**Data block**
· · · · ·
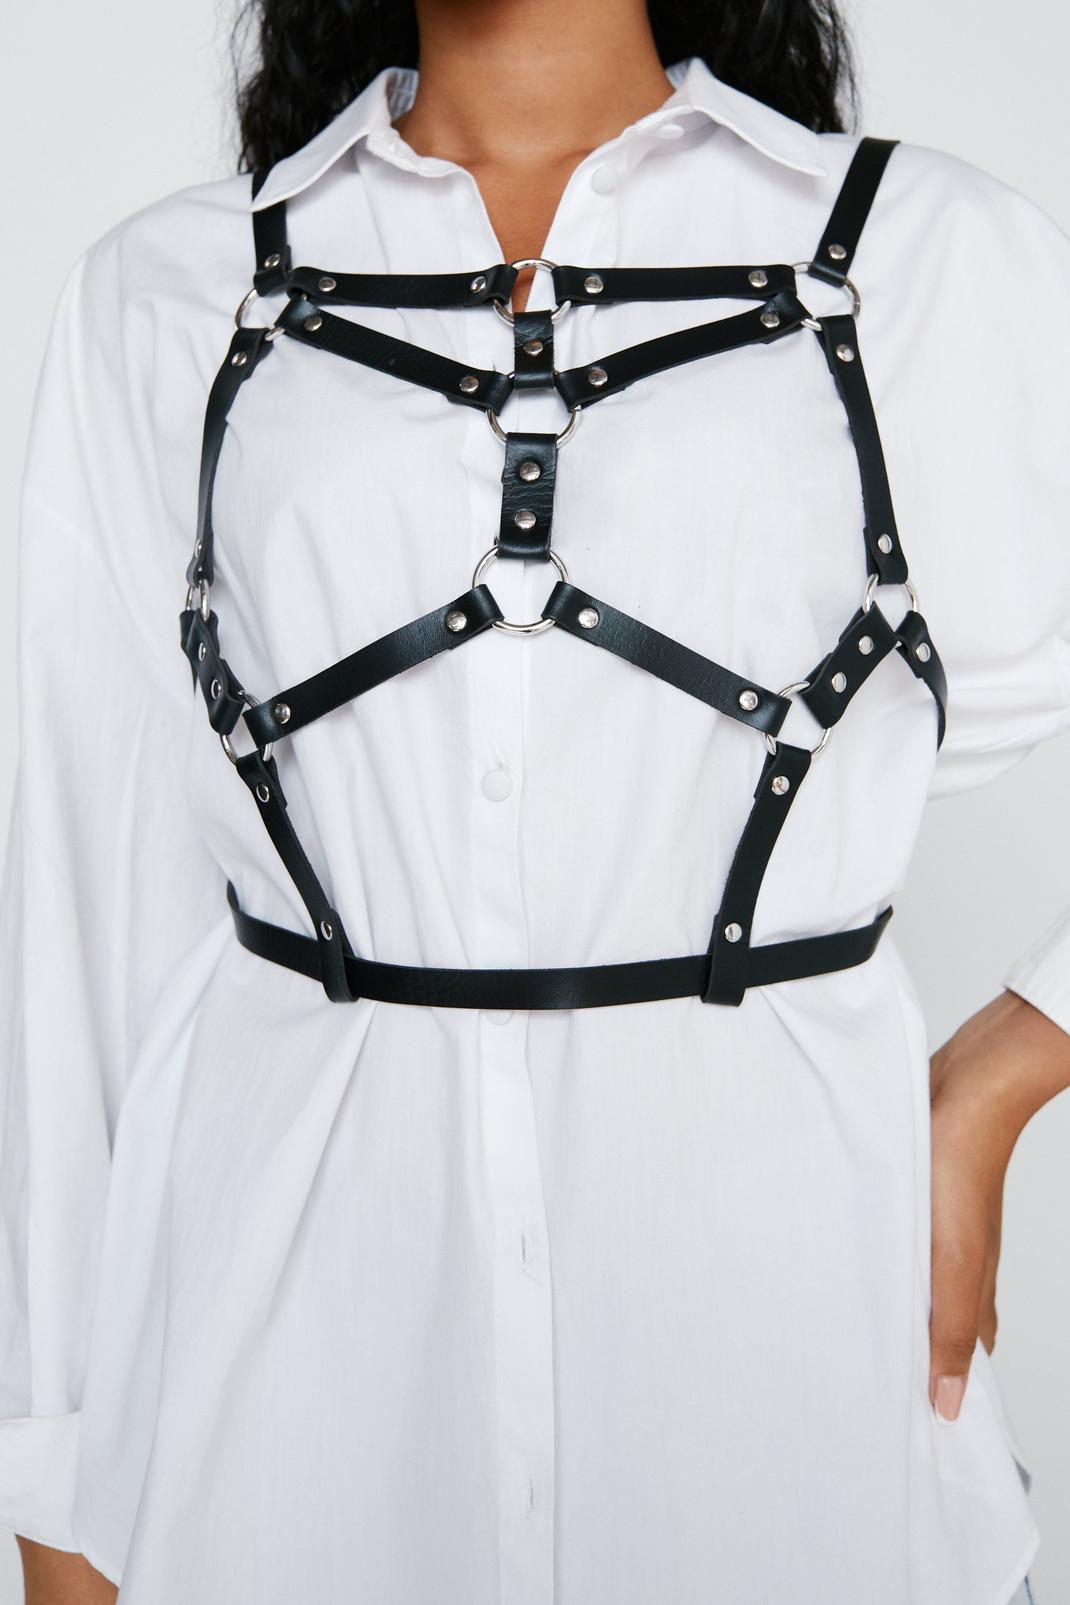 Faux Leather Body Harness | Nasty Gal
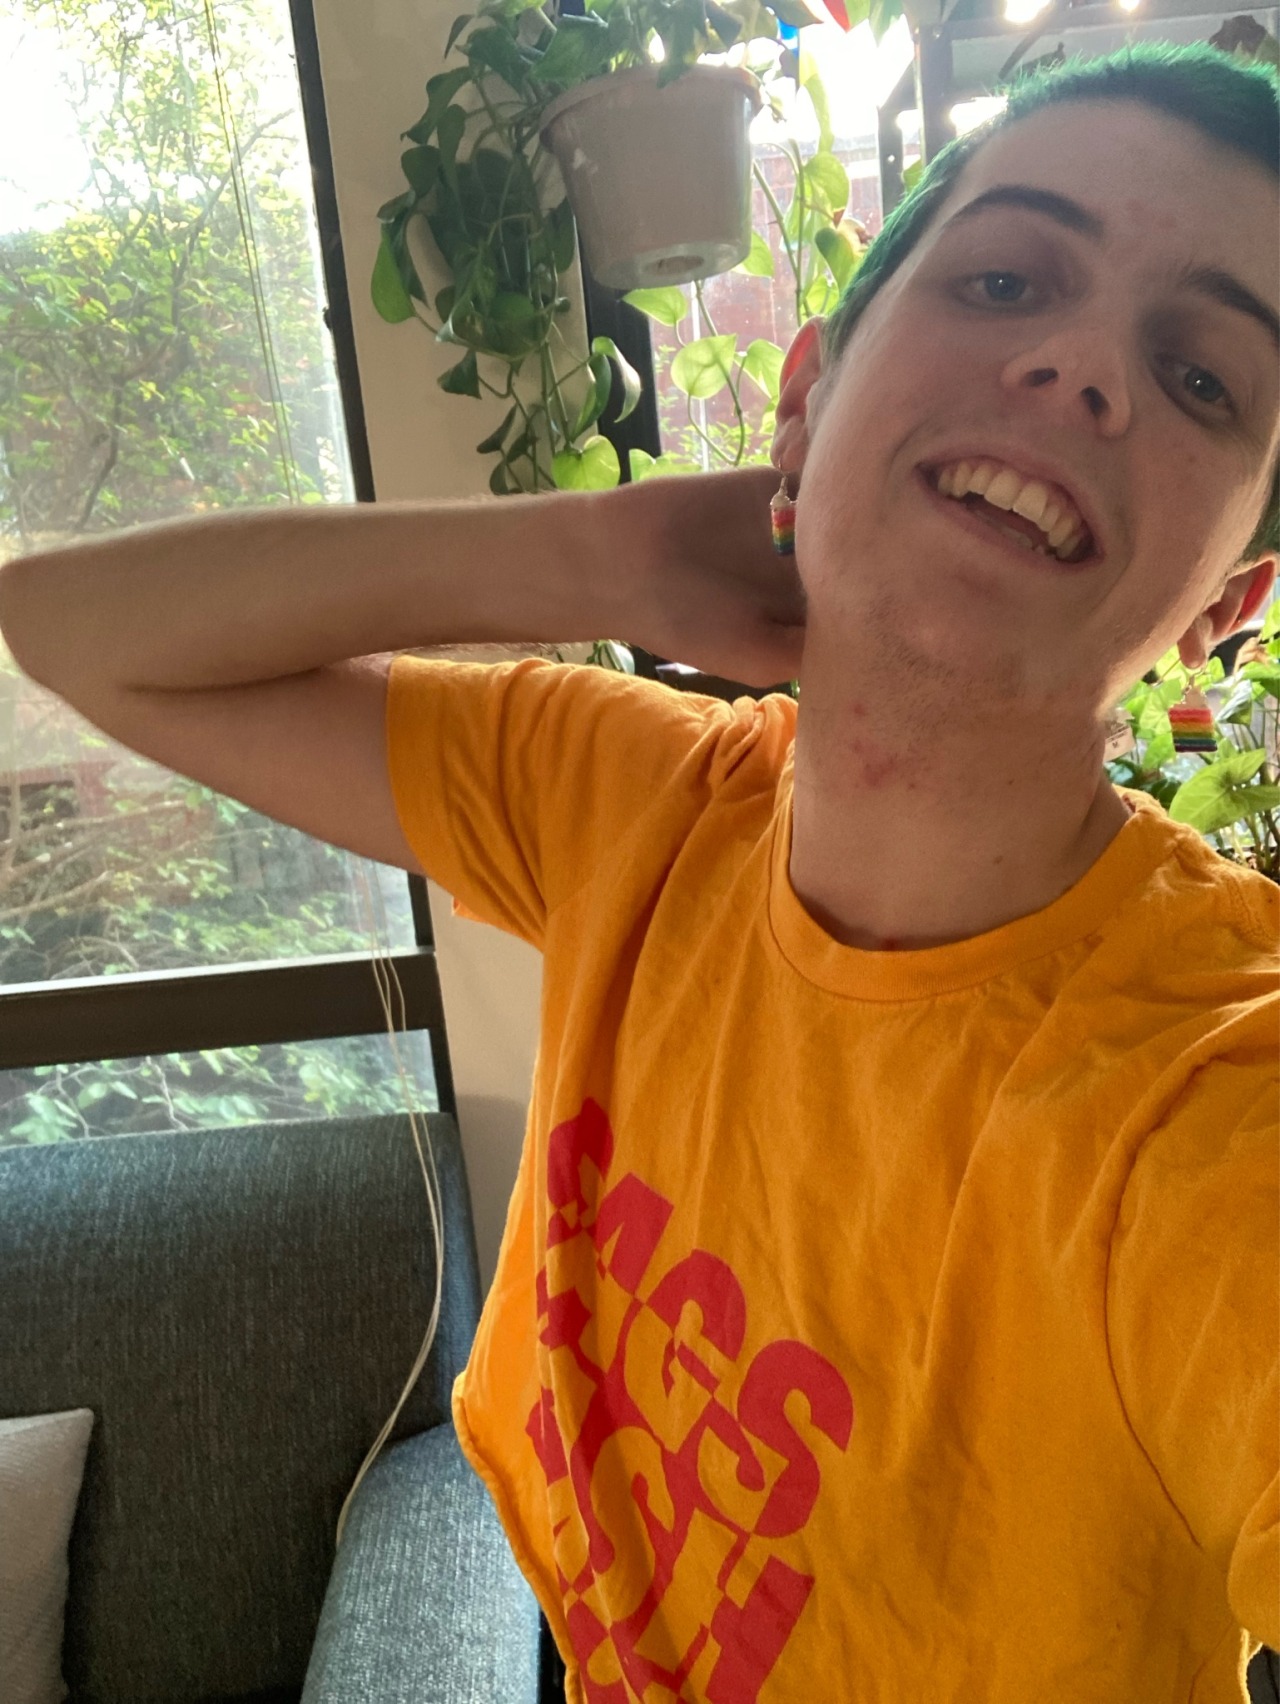 a photo of me, a white trans guy with short green hair wearing a yellow and pink crop top and standing in front of a lot of plants
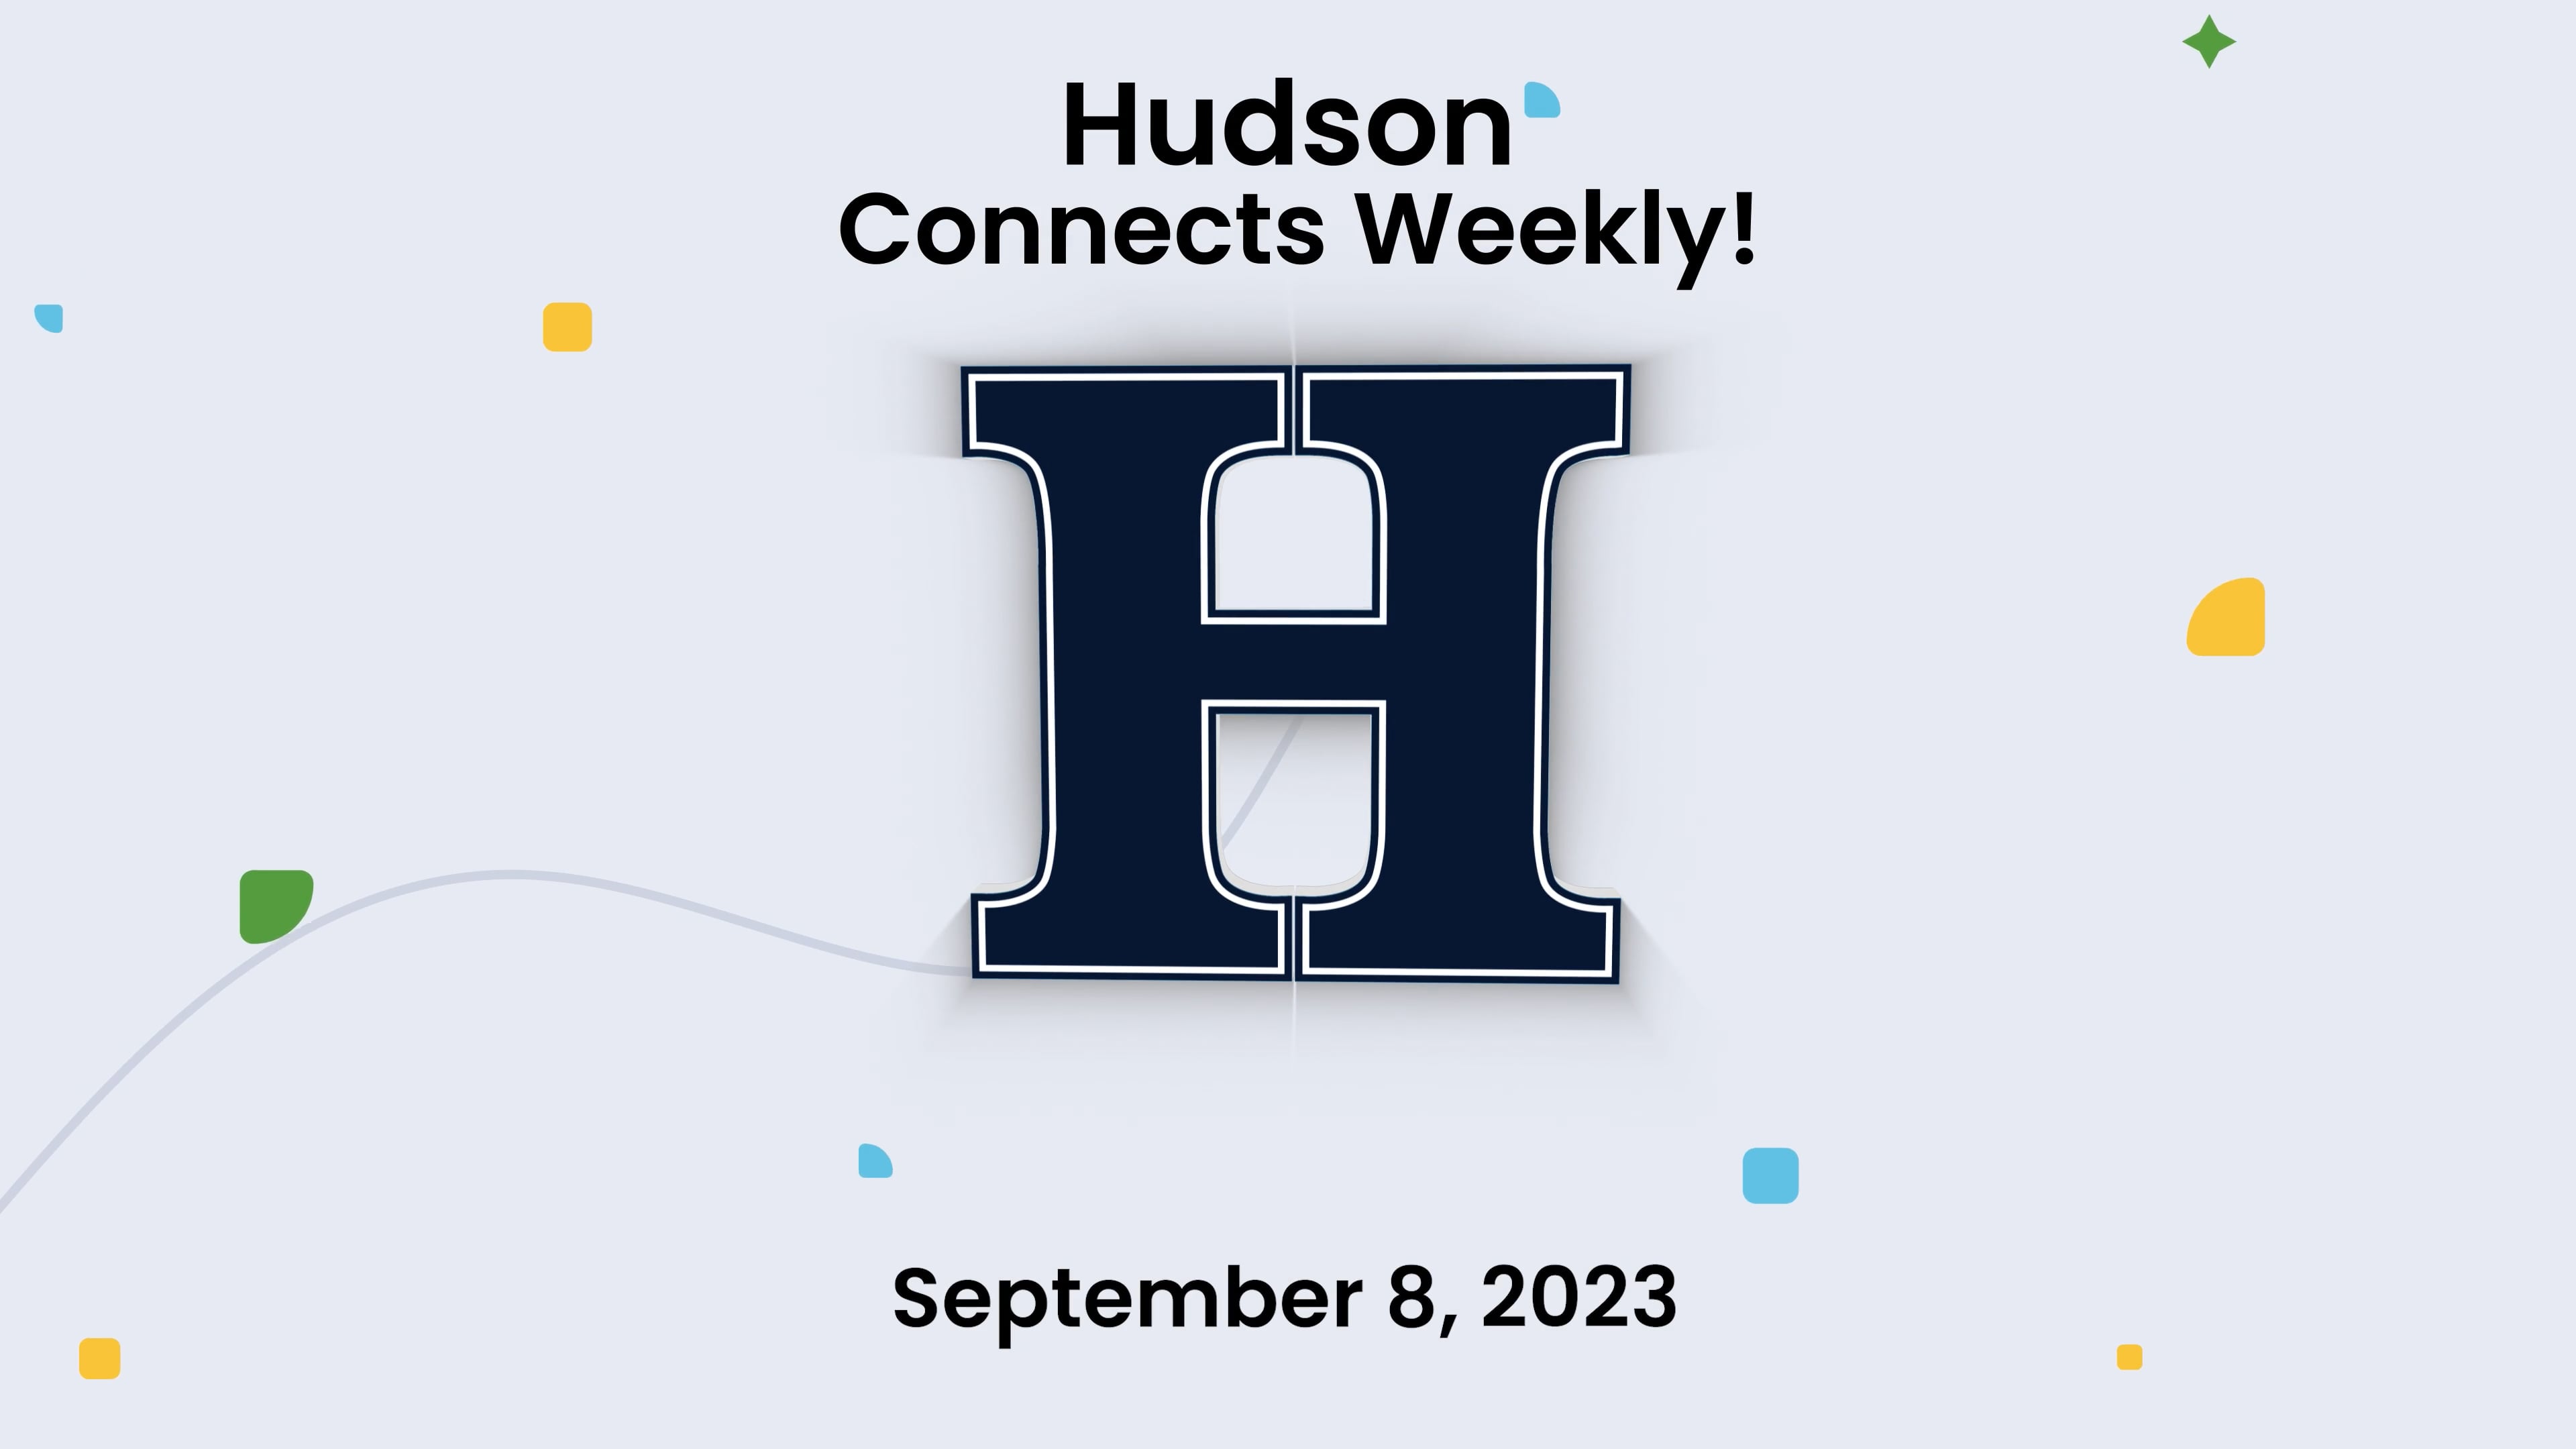 Hudson Connects Weekly - September 8, 2023
· · · · ·
**Your assignment**
Give back only the lines from the one that carries "a photo of me, a" through the final line above, both included. Drop all pictures.

**Result of this task**
 a photo of me, a white trans guy with short green hair wearing a yellow and pink crop top and standing in front of a lot of plants
 Hudson Connects Weekly - September 8, 2023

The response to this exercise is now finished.